The cheese snack battle
Kraft will also lend its long-held brand equities to Nabisco brands to help them win competitive battles. One example is Nabisco's Cheese Nips, which plays distant second to Keebler's leading Cheez-It, with sales of $84 million in food, drug and mass channels for the 52 weeks ended Oct. 7 as compared with Cheez-It's $296 million, according to IRI. Cheese Nips packaging and new print ads now proclaim "Made with Real Kraft Cheese."
Kraft equities will also assist Nabisco in its battle against Keebler's in-store presence. That presence is strengthened by the iconic Keebler Elves and the Hollow Tree that collectively promote Keebler's individual brands, among them Chips Deluxe and Fudge Shoppe cookies and Town House and Club crackers. For back-to-school as well as for the coming holiday season, Kraft and Nabisco now partner for large-scale in-store promotions that span the wider portfolio. The combined effort "gives [Nabisco] much more visibility and leverage with the retailer," said Credit Suisse First Boston analyst Dave Nelson.
Both Nabisco and Keebler, whose ad agency is Bcom3 Group's Leo Burnett Worldwide, Chicago, are at work to grow their business in convenience stores and mom-and-pop shops, or what Mr. Polk refers to as "down-the-street snacking," with products and packaging relevant to those channels.
Battle for the car seat
"We're going to do more and more to win the battle for the car seat," Mr. Polk said. Nabisco has already introduced Mini Oreos and Mini Chips Ahoy! in stand-up resealable bags (which have a faster use-up rate than boxes, Mr. Polk said) and Ritz Bits sandwiches will now roll out in bags.
Keebler has responded with its own mini versions of its core cookie brands, Chips Deluxe, Sandies and Fudge Shoppe, and new Mini Club Sandwich Crackers with Peanut Butter, similarly packaging them in resealable bags.
"We're building on our franchise, making it more contemporary and on-the-go so people can take it and throw it into a briefcase or the back of the minivan," Mr. Vermylen said.
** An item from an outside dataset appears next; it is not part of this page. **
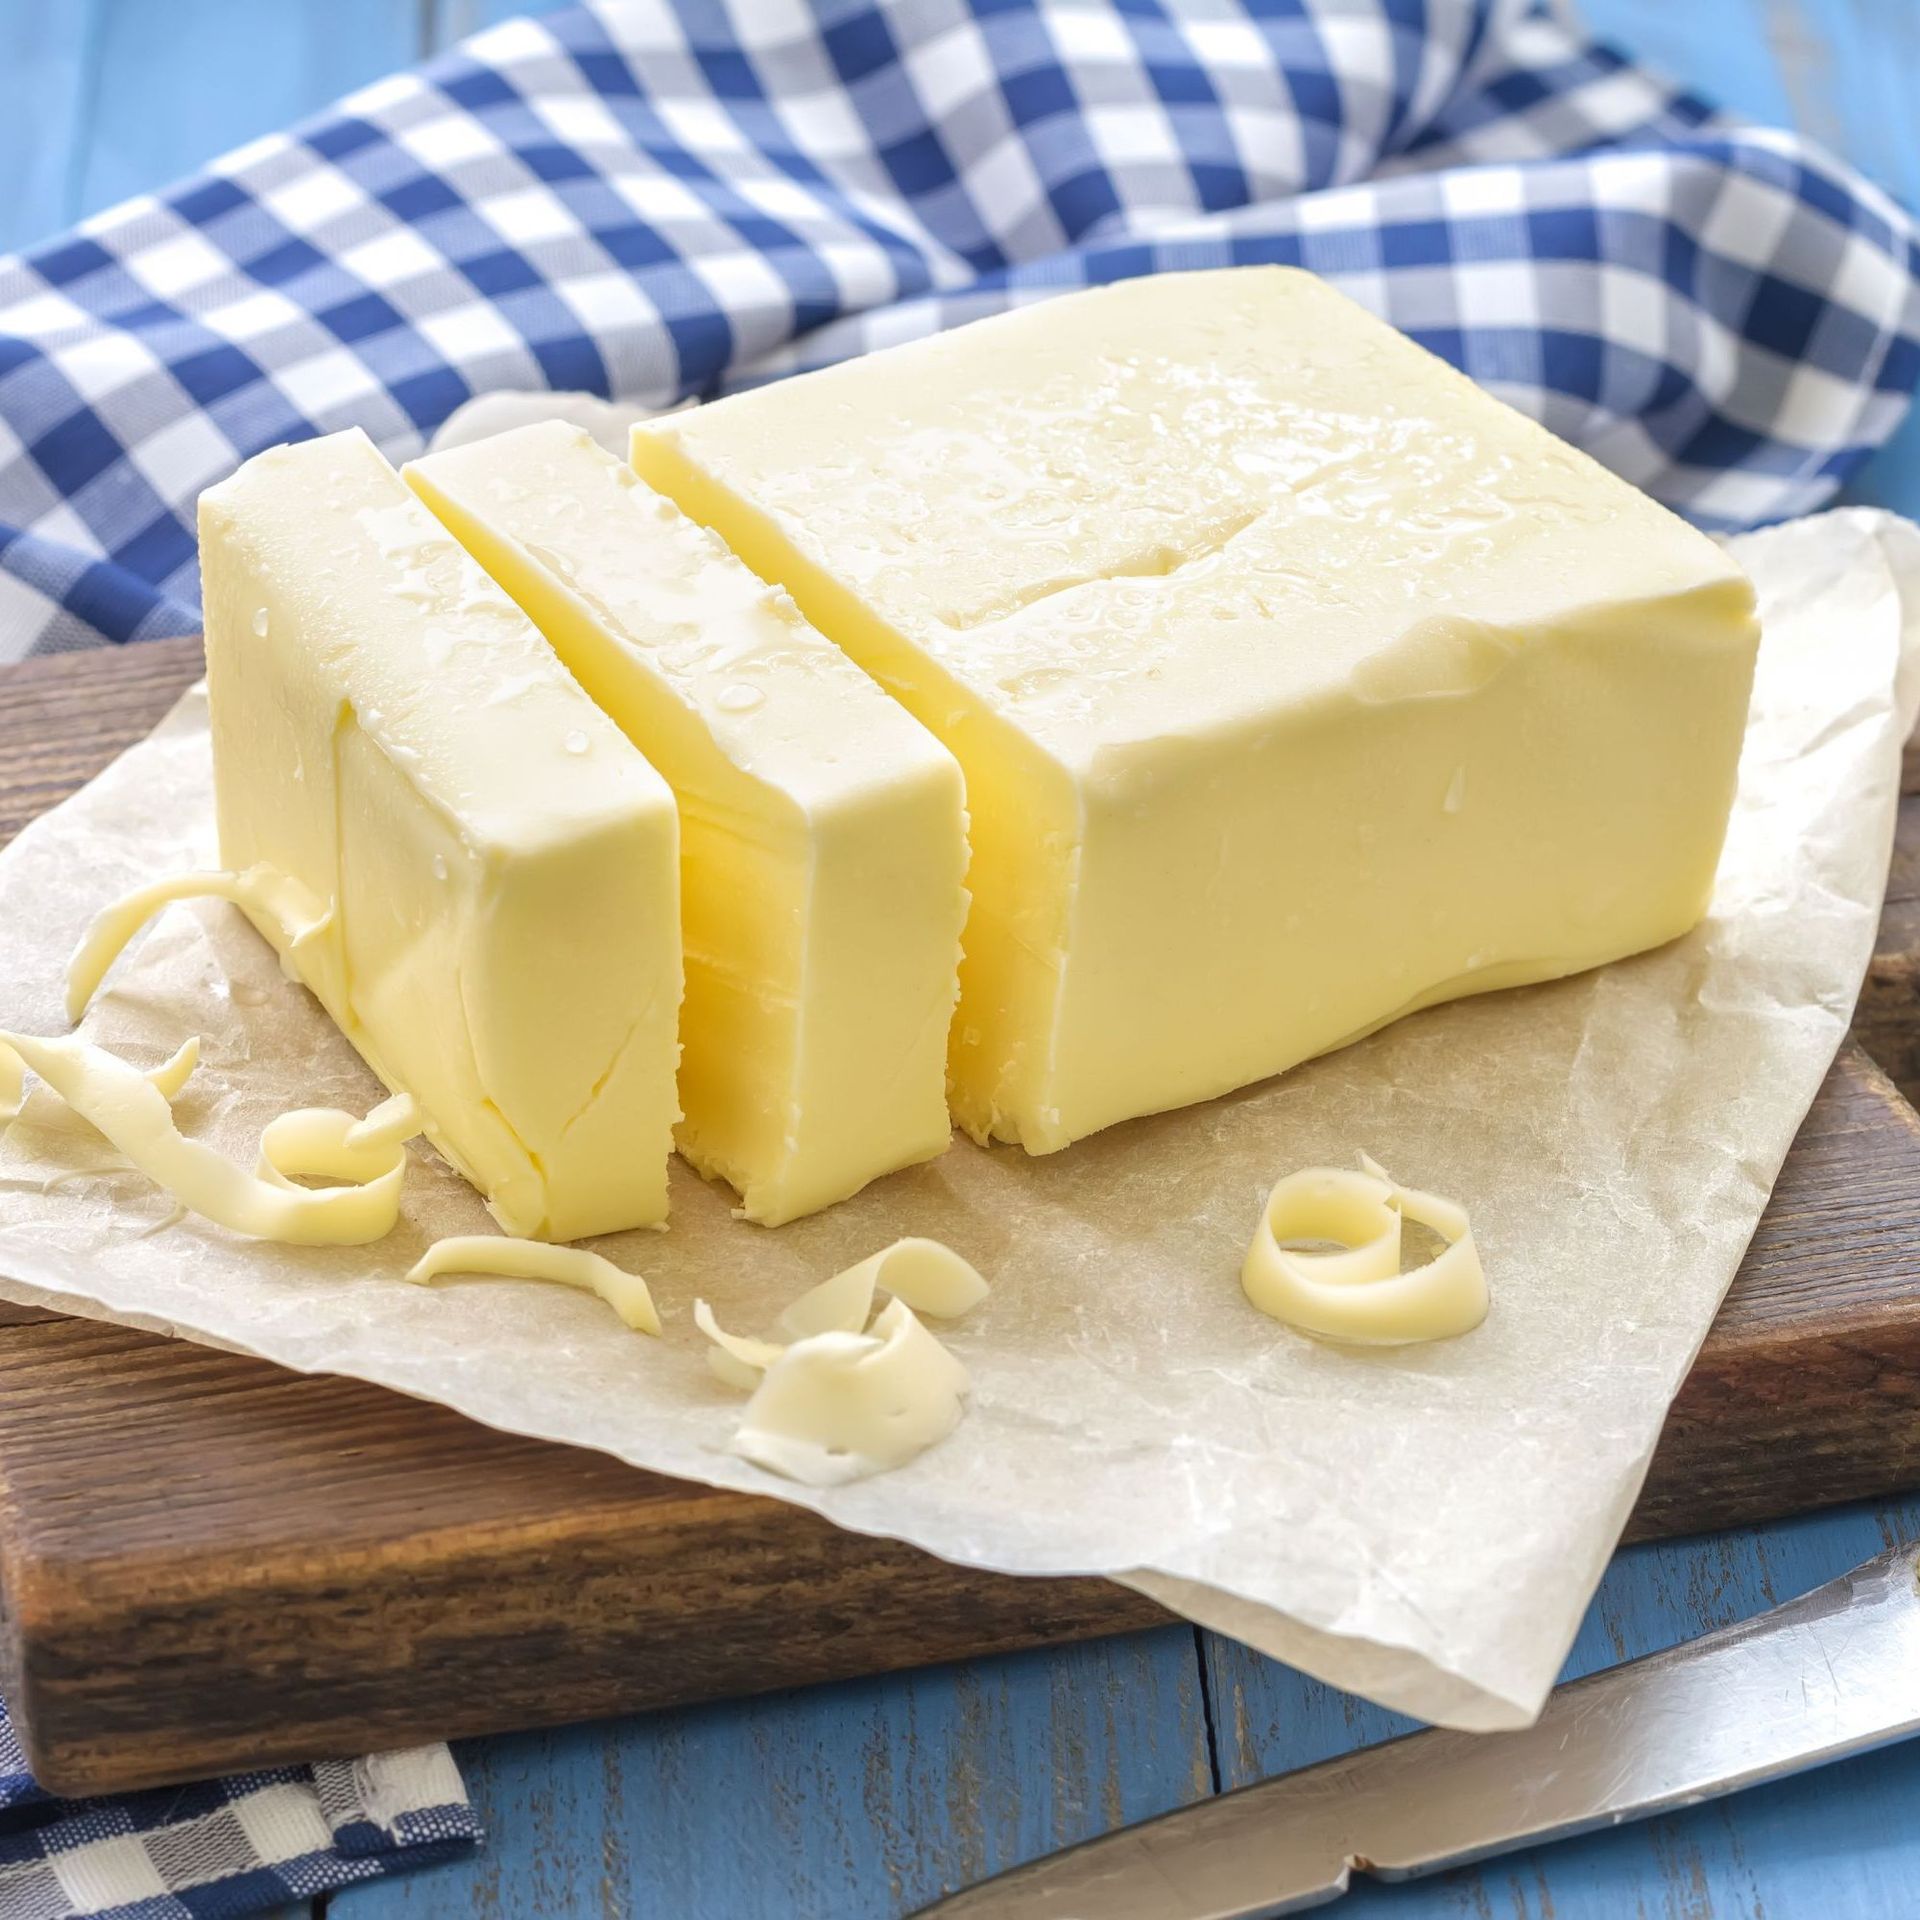 Le beurre clarifié: ses avantages et mode d'emploi

While Keebler held back this year on new-product introductions as it integrated Kellogg's Nutri-Grain and Rice Krispies Treats brands into its direct-store delivery system, Mr. Vermylen said he plans to launch a host of "fresh ideas" in 2002 to help restore total cookie and cracker category growth, which slipped recently to a mere 2.5% from 1999 levels of as much as 5%.